Sunday

Oct. 26, 2008

The Dental Hygienist

by Tom C. Hunley

She said "open up,"
so I showed her my teeth,
a chipped-white fence
that keeps my tongue penned in.

She rinsed my mouth.
She suctioned my cheek.

She said "How do you like this town?"
so I said "Mmpllff"
though I meant "More every day,"

and she said "Gorgeous weather!"
so I said "Mmpllff"
though I meant "In my mouth?"

and she didn't say anything,
so I said "Mmpllff" and "Mmpllff"
though I'm not sure what I meant,
and she took me to mean
"Would you like to go out tonight?"
and "to an expensive restaurant?"

When I arrived with a bouquet of roses,
she stuffed them in my mouth.

She told me all about her feelings:
how she feels about fillings,
how she feels about failures.

She said "open up."
She said "It's like pulling teeth
trying to get men to talk about their feelings."

So I said "Mmpllff"
though I meant "You smell prettier than the flowers in my mouth,"
and I said "Mmpllff"
she thought I meant "I'm afraid of dying alone."

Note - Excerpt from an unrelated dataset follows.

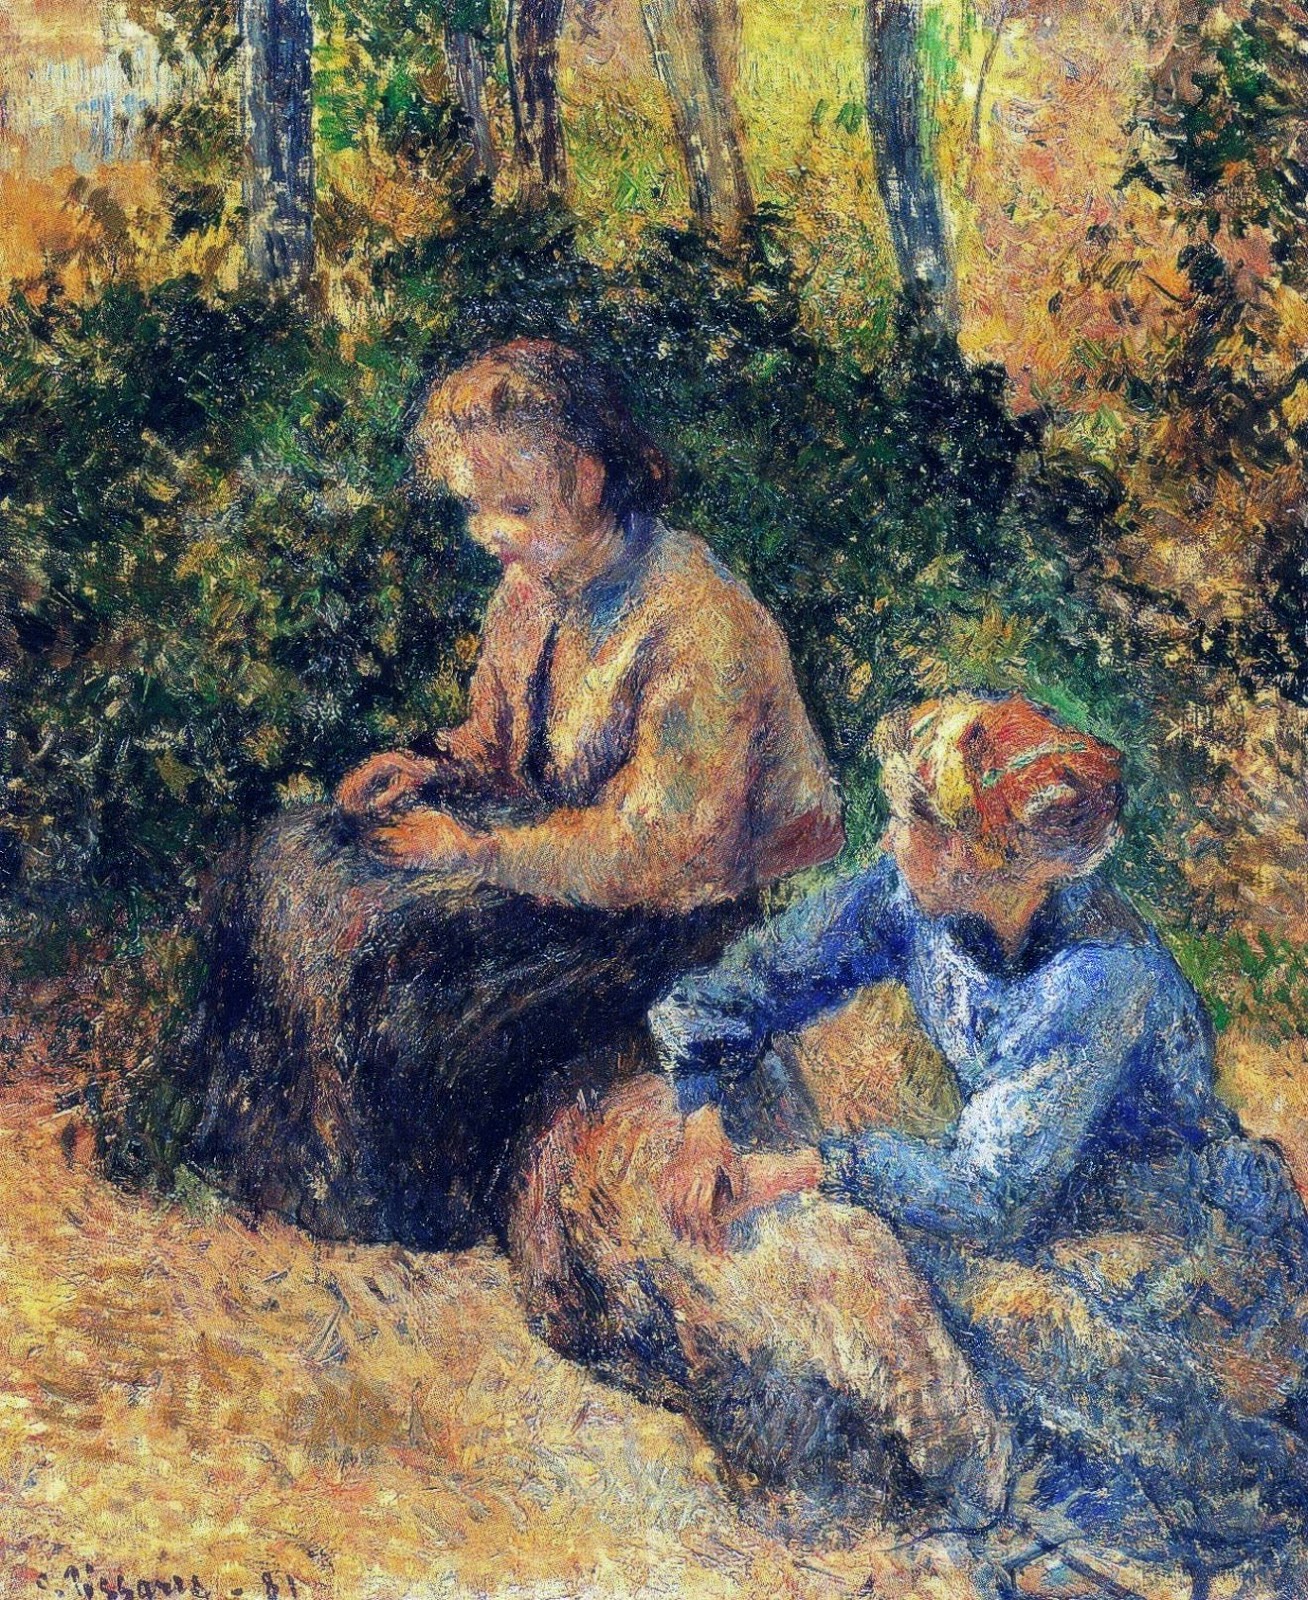 Camille+Pissarro-1830-1903 (340).jpg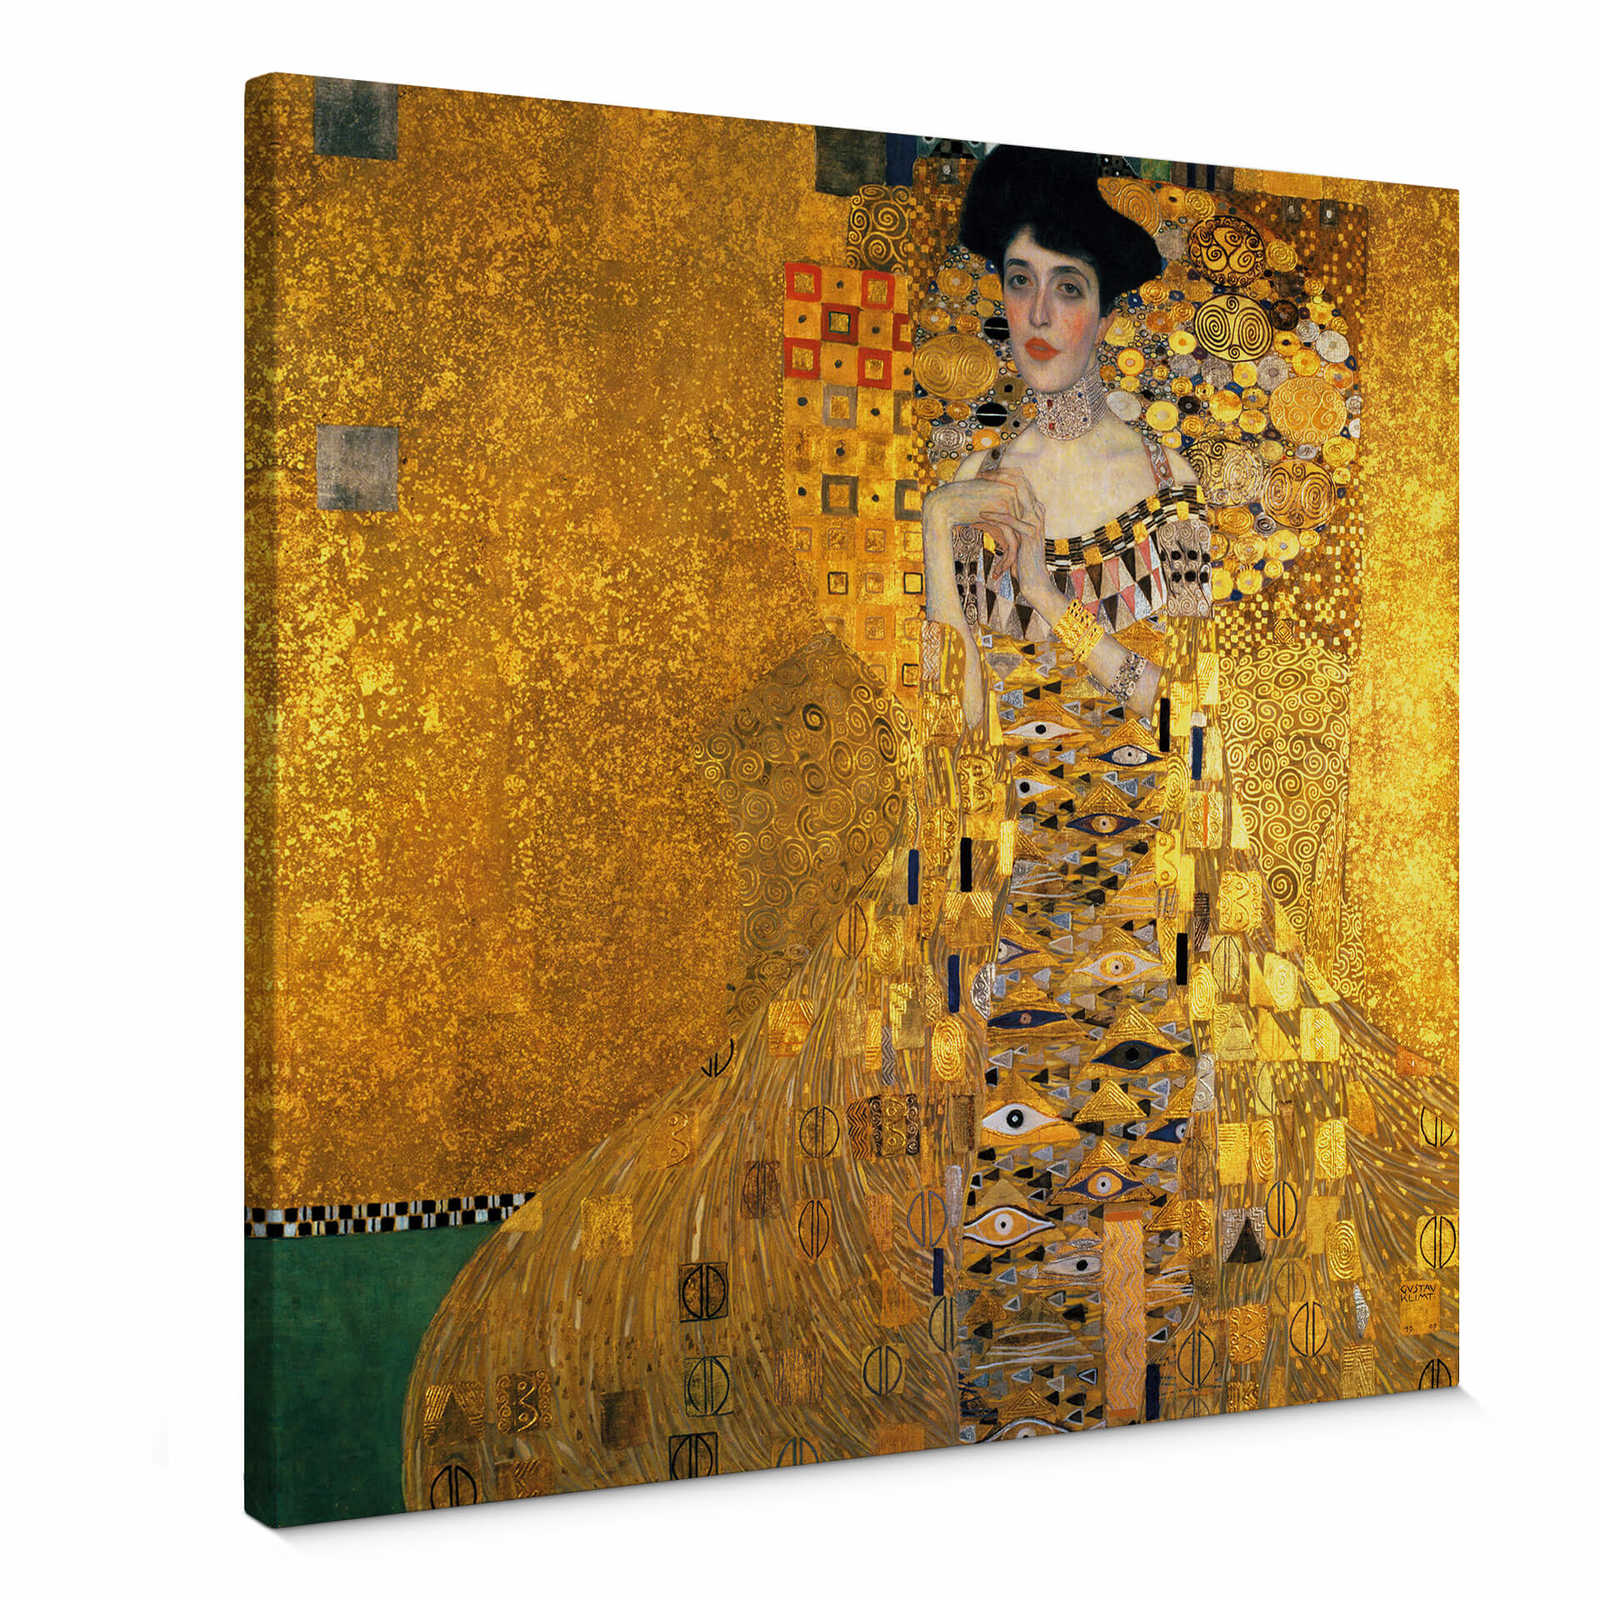         Square canvas print "Adele" by Gustav Klimt

She said I was a good conversationalist
and showed me her perfect teeth.
I felt an ache in my jaw.
I felt drool crawling down my chin.

"The Dental Hygienist" by Tom C. Hunley from Octopus. © Logan House Press. Reprinted with permission. (buy now)

It's the anniversary of the opening of the Erie Canal in 1825. It was built to connect the Atlantic Ocean with the Great Lakes. The canal was 360 miles long, 40 feet wide, and four feet deep — just deep enough to float barges carrying 30 tons of freight. When the canal was finished, cannons were lined up along the towpath just barely in earshot of each other. They fired one after another from Lake Erie to New York City, finishing the relay in 81 minutes.

It's the birthday of the gospel singer Mahalia Jackson, born in New Orleans (1911). She was orphaned in early childhood. Her family's house was right next to a church, which is where the girl first heard gospel music. She also listened to blues singers like Bessie Smith and Ma Rainey. But Jackson was a devoted Baptist, and she refused to sing anything but gospel. She said, "When you sing gospel you have a feeling there is a cure for what's wrong. But when you are through with the blues, you've got nothing to rest on."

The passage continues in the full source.